Прогремел выстрел, потом ещё один; в нос ударил запах пороха…
Госпожа закричала, потом застонала. У нас так одна корова кричала, человеческим криком, когда её забивали. У меня сердце бешено заколотилось где-то в животе! – продолжала Аглая Фёдоровна. – Другой никакой прислуги поблизости не было, у кого помощи попросить, – я рванулась к двери кабинета. Там ещё раз выстрелили, и настала тишина.

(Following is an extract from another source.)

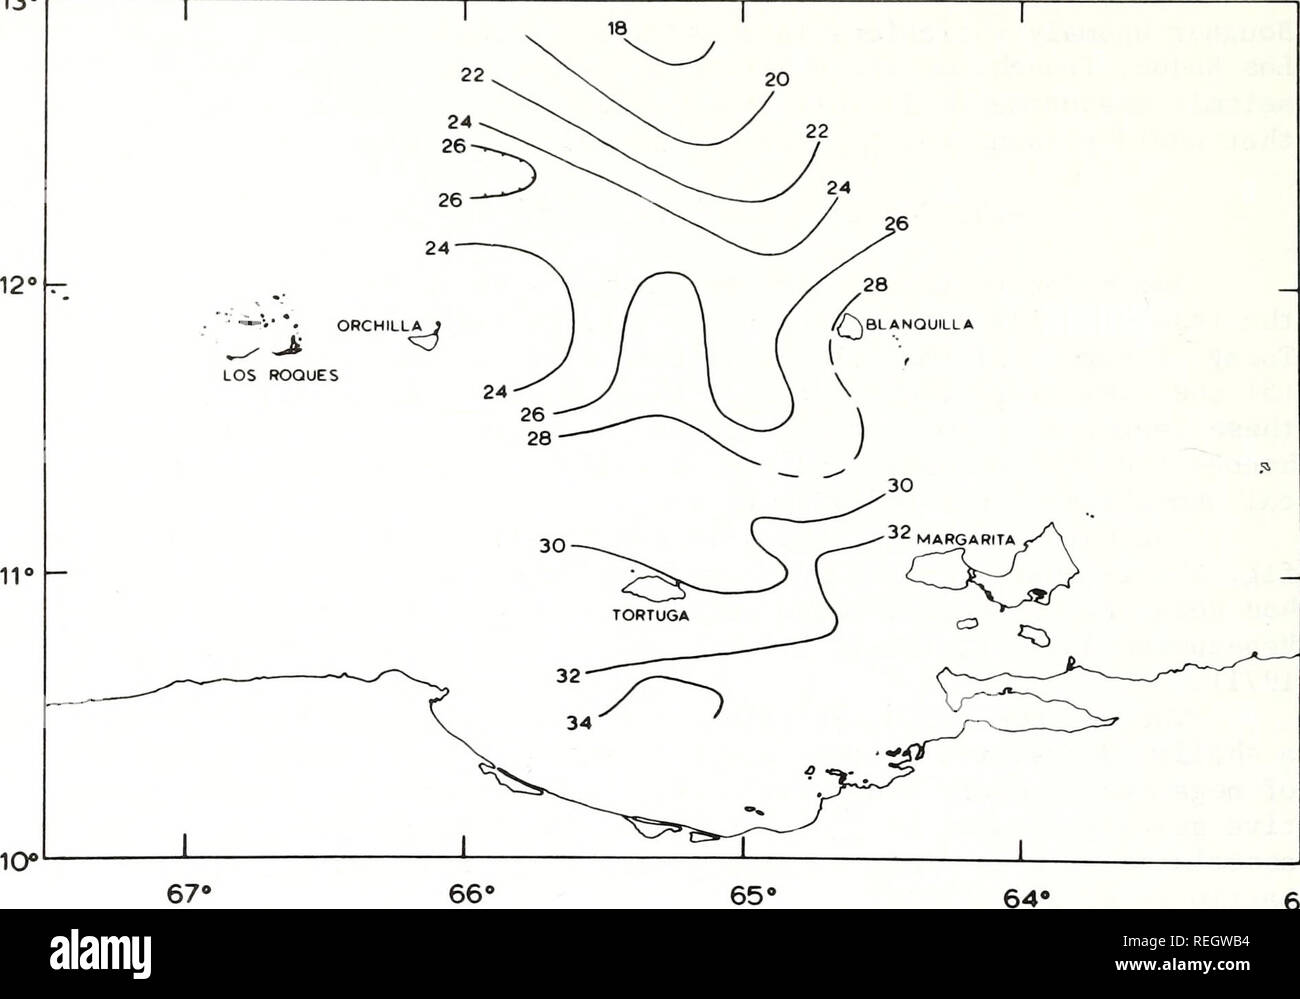 . Collected reprints / Atlantic Oceanographic and Meteorological Laboratories [and] Pacific Oceanographic Laboratories. Oceanography Periodicals.. 13. 63« Figure 44. Contour map of the depth below sea level to the top of the mantle. Contour interval 2 km. tectonic element were noted by Nagle (1971), who, in fact, questions the southwest extension of the volcanic arc on the basis of dissimilarity between the rock types of Grenada (unmetamorphosed Tertiary sediments, basalts, and andesites) and Margarita (highly metamorphosed Jurassic- Cretaceous sediments and intrusives. Another explanation for Stock Photo

Такая тишина, как, знаете, бывает на охоте, как охотник жертву подстрелит…
Сергей Иванович наскочил на меня в коридоре. Глазюками кровавыми зыркнул в упор, и не отводит. Ну, думаю, сейчас и меня прикончит. Нет, посмотрел он на меня, посмотрел, – и вышел. Никогда не забуду я этот взгляд, как будто из самой преисподней на меня посмотрели…
– Ну, будет, будет! – строго сказал Павел Леопольдович, крепко о чем-то задумавшись.
– Хорошо, что Петеньки тогда дома не было. Порешил бы дитя и, наверное, даже не задумался, – Аглая Фёдоровна вдруг зарыдала. – Ой, Божечки, Павел Леонидович, что с ребёнком-то теперь будет? Нельзя его в тот дом. Да и мне страшно! Кто знает, что в голове у Сергея Ивановича, вдруг надумает вернуться?.. Он умом-то, видать, порешился…
– Не бойся. Тебя и Петю я заберу в Петербург, это уже решено. Тебя пристрою. А Петю отдам в кадетский корпус, у него для службы и возраст как раз подошёл.
Глава 12
Машеньку проводили полными сочувствия взглядами, когда она, покончив со всеми делами, вошла к Петру и тихонько задвинула за собой занавеску. Раненые рассказывали, как мучительно стонет за ширмой Соколовский, но, когда она входила к нему, он как будто чувствовал чьё-то присутствие и затихал.
Видя, как Петр цепляется за жизнь, Машенька не могла остаться равнодушной и делала все, чтобы хоть как-то облегчить его страдания. Не желая колоть ему морфий, она готовила мазь на основе сметаны и трав, обладающих бактерицидными свойствами. Сметана смягчала обожженную кожу, а травы не давали развиться инфекциям. Наносить эту мазь было сплошным мучением, по сантиметру, мягким гусиным пером. Но даже при всей своей аккуратности, Машенька чувствовала, что причиняет Петру боль, которую он мужественно терпит, закусывая губы.